I’ve chosen to speak in generalities because I know that sharing divination like this, and even speaking on such topics at all, risks partisanizing. (Many issues in life, from tackling the climate crisis to public health and beyond, are deeply harmed when we partisanize; once something is partisanized, it becomes a doctrinal loyalty test to agree or disagree with it, which hampers our ability to rationally consider the issue and make good social, spiritual, and political decisions. I recommend thinking in terms of values instead and to always think critically using those as your touchstone. In this post, for example, that baseline value is the metaphysical fact of consistent contact with the Gods and our leader-God, especially as backed up by Proclus in his Elements of Theology, and it’s also related to the doctrines about reincarnation and the spiritual health duty to decouple from deeply unjust and/or appetite-controlled choices. Look at how that man who chose to be a tyrant in the Myth of Er chose a life in which he cannibalized his children.) We all have an instinct to justice, and we each have our own malefic and/or harmful coping mechanisms that we are grappling with and which cloud what we consider to be just. With all of that in mind, feel free to think about the divination results in your own context, and may the God guide you.
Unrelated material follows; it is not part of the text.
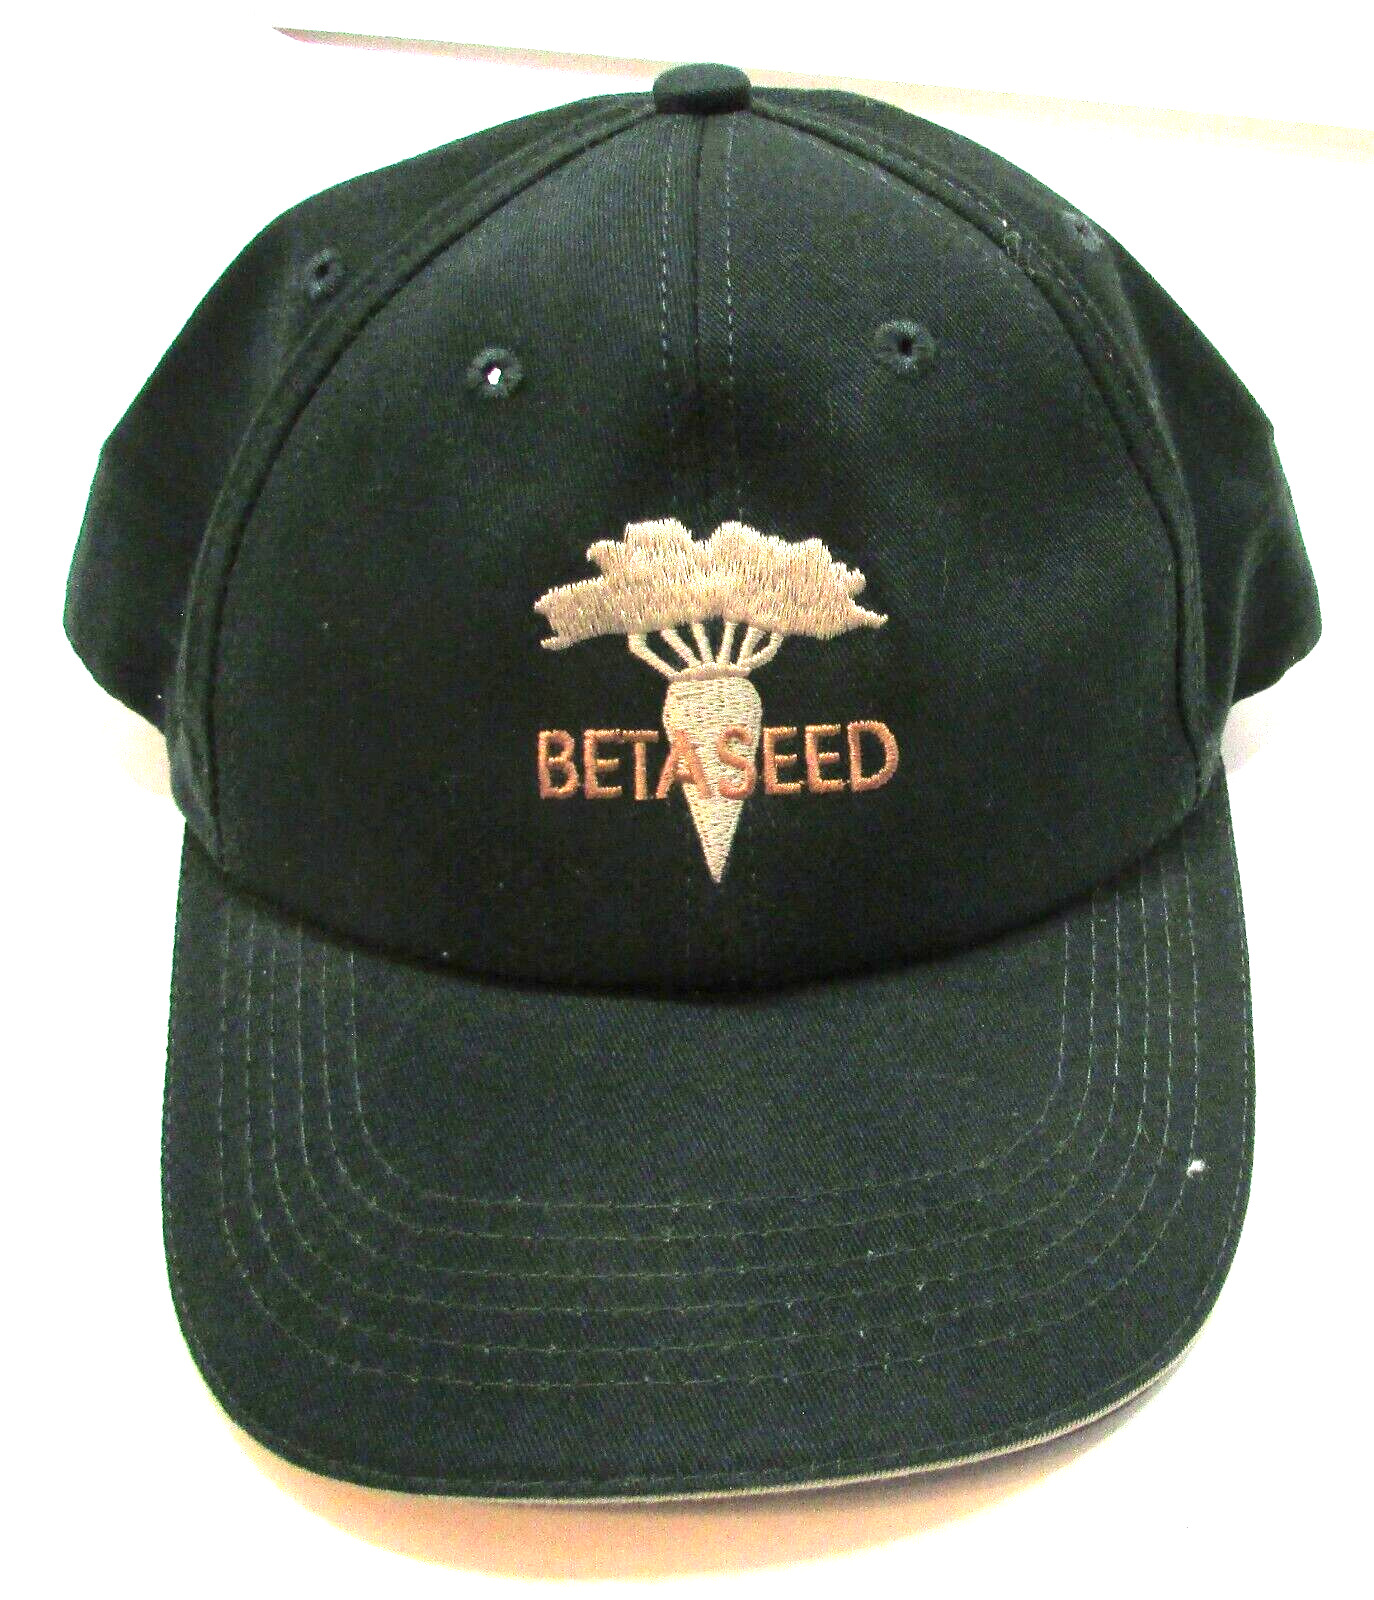 Vintage 1990s USA Betaseed Sugarbeet Green Cotton Farm Seed Ball Cap Trucker Hat
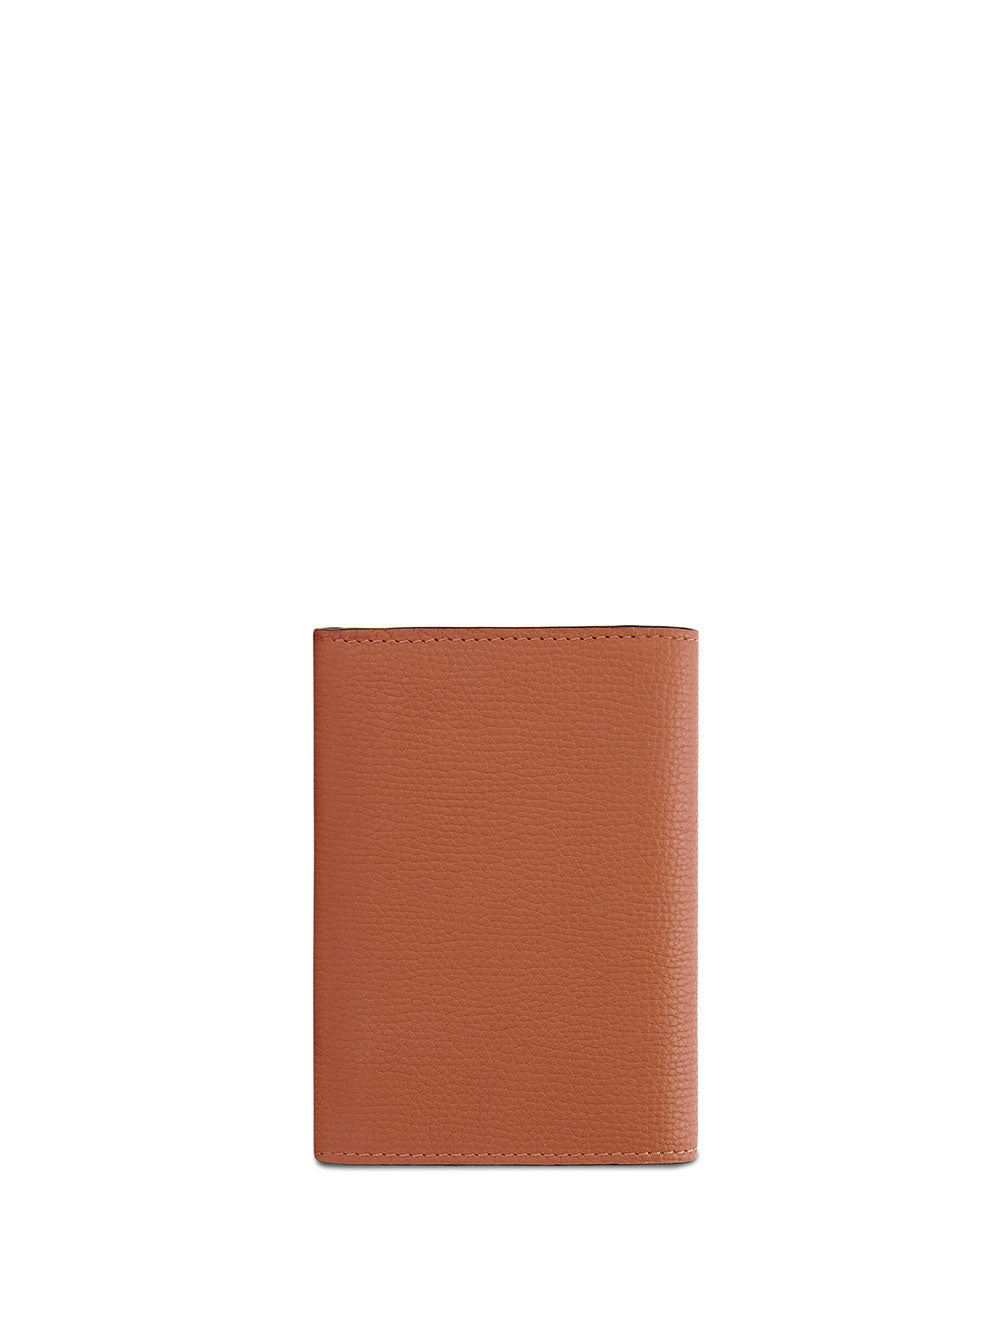 Anagram small vertical wallet in pebble grain calfskin

Have a good evening, and be well, everyone.

4 thoughts on “We Must Unmake to Make Again

    1. And, I have broken one of my cardinal rules with my students twice in that last comment, because I said “interesting” twice! 😦 Please excuse my lack of erudite eloquence for the moment…I am still struggling with sicknesses of various kinds.

      Liked by 1 person

      1. Your students are probably not reading my blog, but on the plus side, you do now have an example of your fallibility that you can use when softening your critiques of their prose. 😂


    2. It’s the Threads of Fate oracle deck, a tool that I love because most of the questions I ask are related to the most constructive behavior or outlook in a situation. Looking at the website, it was way less expensive when I bought it than it is now … ugh, the paper crisis.